Further preferably, in the above method for preparing a phellinus linteus fruit body phenolic active substance, the phellinus linteus fruit body in the step (1) is dried, crushed and sieved with a 20-80 mesh sieve.

More preferably, in the above method for preparing a phenolic active substance from Phellinus linteus fruiting body, the step (1) comprises adding acetone-ethanol mixture to obtain solution V _{Acetone (II)} ：V _Ethanol ：V _{Water (W)} ＝(0.5～3)：(6～8)：1。

Still more preferably, in the above method for preparing a phenolic active substance from Phellinus linteus fruiting body, the step (1) comprises adding acetone-ethanol mixture to obtain solution V _{Acetone (II)} ：V _Ethanol ：V _{Water (W)} ＝(0.8～1.5)：(7～8)：1。

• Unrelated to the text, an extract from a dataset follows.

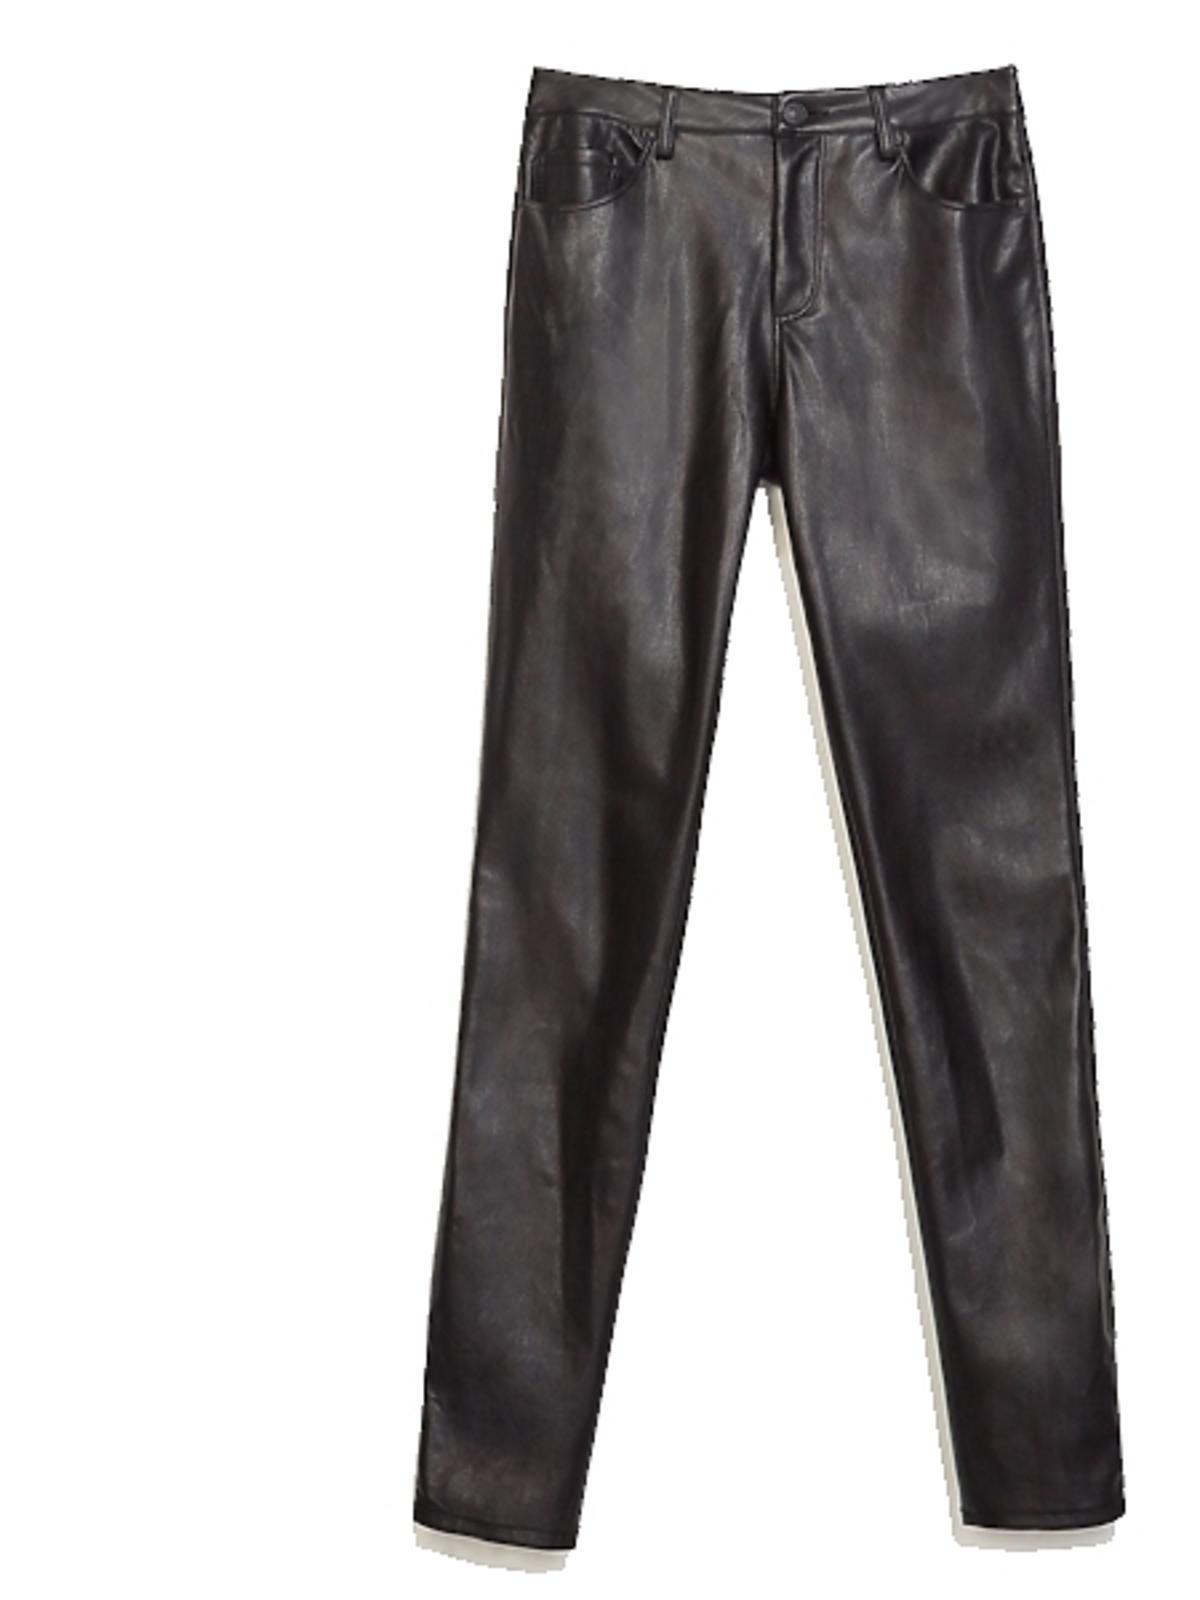 Skórzane spodnie Zara, cena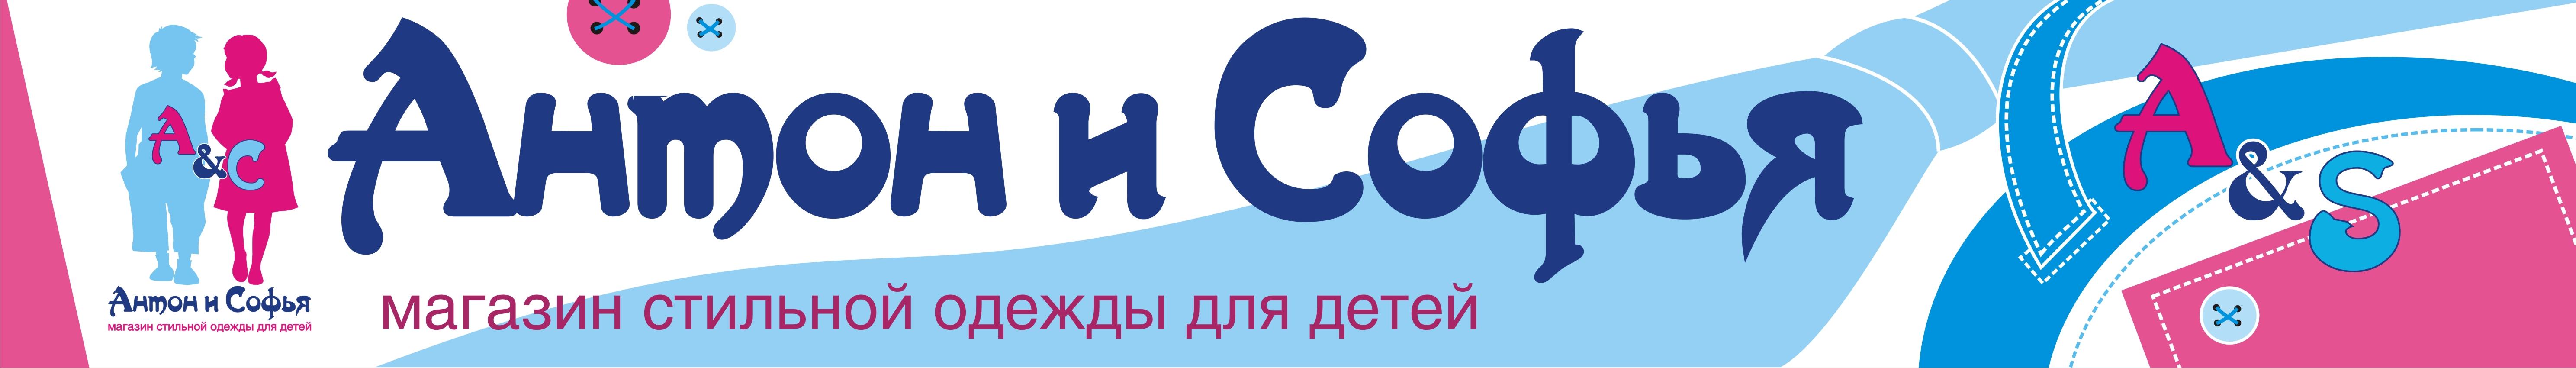 Логотип и вывеска для магазина детской одежды фото f_4c87dc5418582.jpg

More preferably, the method for preparing Phellinus linteus fruiting body phenolic active substance as described above, comprises the step (2) of adding V to the mixture of ethyl acetate and n-butanol _{Ethyl acetate} ：V _N-butanol ＝(5～30)：1。

Still more preferably, in the above method for preparing a phenolic active substance from Phellinus linteus fruiting body, V is contained in the mixture of ethyl acetate and n-butanol in step (2) _{Ethyl acetate} ：V _N-butanol ＝(5～10)：1。

More preferably, in the above method for preparing a phenolic active substance from Phellinus linteus fruiting body, the extraction in step (2) is performed by standing for 1-2 hours each time.

More preferably, in the preparation method of the phellinus linteus fruit body phenolic active substance, the ultrafiltration membrane in the step (3) has the specification of 10-20 kDa, the pressure of 0.2-0.4 MPa and the temperature of 25-30 ℃.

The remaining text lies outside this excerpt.